The French Revolution was obviously a subject of fascination for Hamilton Finlay, and that manifested itself in installations as well as screen prints and concrete poetry, two of which are now displayed on the top balcony of the Gallery, reaffirming his familiar theme of liberty emerging at great cost to individuals and society, and not necessarily the true and full realisation of that idealistic vision. His other sculptural work tends to focus on his resurrection and modernisation of Neo-Classicism, or rather his merging of the two, as one and the same. Using a variety of materials, such as stone, constructed objects and neon lighting, he explored the natural environment of his youth, and the way it could accommodate his own ideals about design and beauty.

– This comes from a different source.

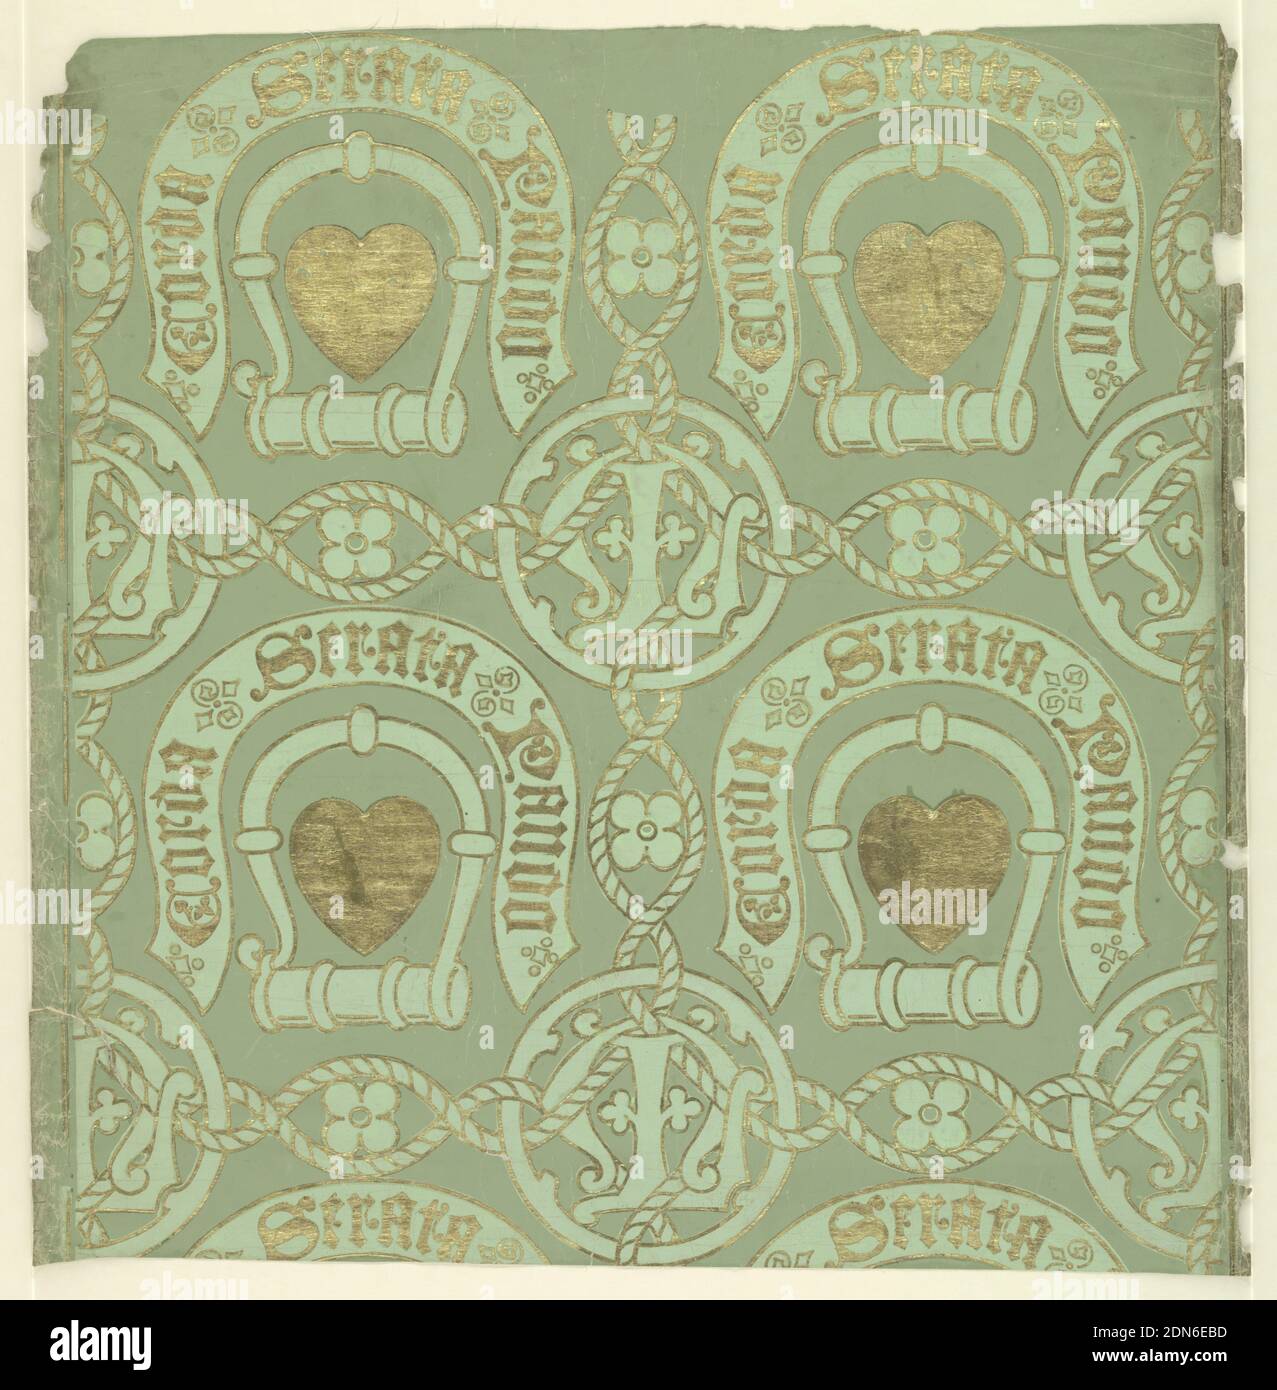 Sidewall, William Woolams and Co., A.W.N. Pugin, English, 1812–1852, Block-printed paper, Major motif a gold heart enframed by a fetterlock with accompanying motto: Corda Serata Pando. In staggered relationship to this, a circular medallion contains the letter 'M' superimposed on the letter 'L'. Twisted rope embellishments connect monograms. Printed for Lady Macdonald Lockhart for use at Lee Castle, Lanarkshire. On verso is stamped almost illegibly: 'John G. Crace / 14 Wigmore Street.', England, ca. 1848, Wallcoverings, Sidewall Stock Photo

His garden, Little Sparta, is the most famous manifestation of this vision, reviving the concept of the “poet’s garden”, designing the space of the hillside country near Edinburgh to include sundials, columns and garden temples. It is touching to see that the artist, who was apparently so disillusioned with revolution and politics in the mainstream sense, and the way that reality did not match the ideals, went on to find that he could realise his own vision of beauty and harmony in a garden of his own design. If we can learn anything from Hamilton Finlay’s legacy, it is that art can realise visions of harmony and peace, where politics perhaps cannot. The persistence with the social and political as well as the natural ultimately deepens the impact of his body of work, and the quiet beauty of his style and idealism. The Glasgow show, though modest, achieves a well-rounded and perceptive retrospective of his art, clarifying, with careful attention to his various interests and media, the connections to be made between his observance and relationship with society and the natural environment. Though he so often referenced the past, Hamilton Finlay’s work proves ever more relevant and universal in its ideas and observations.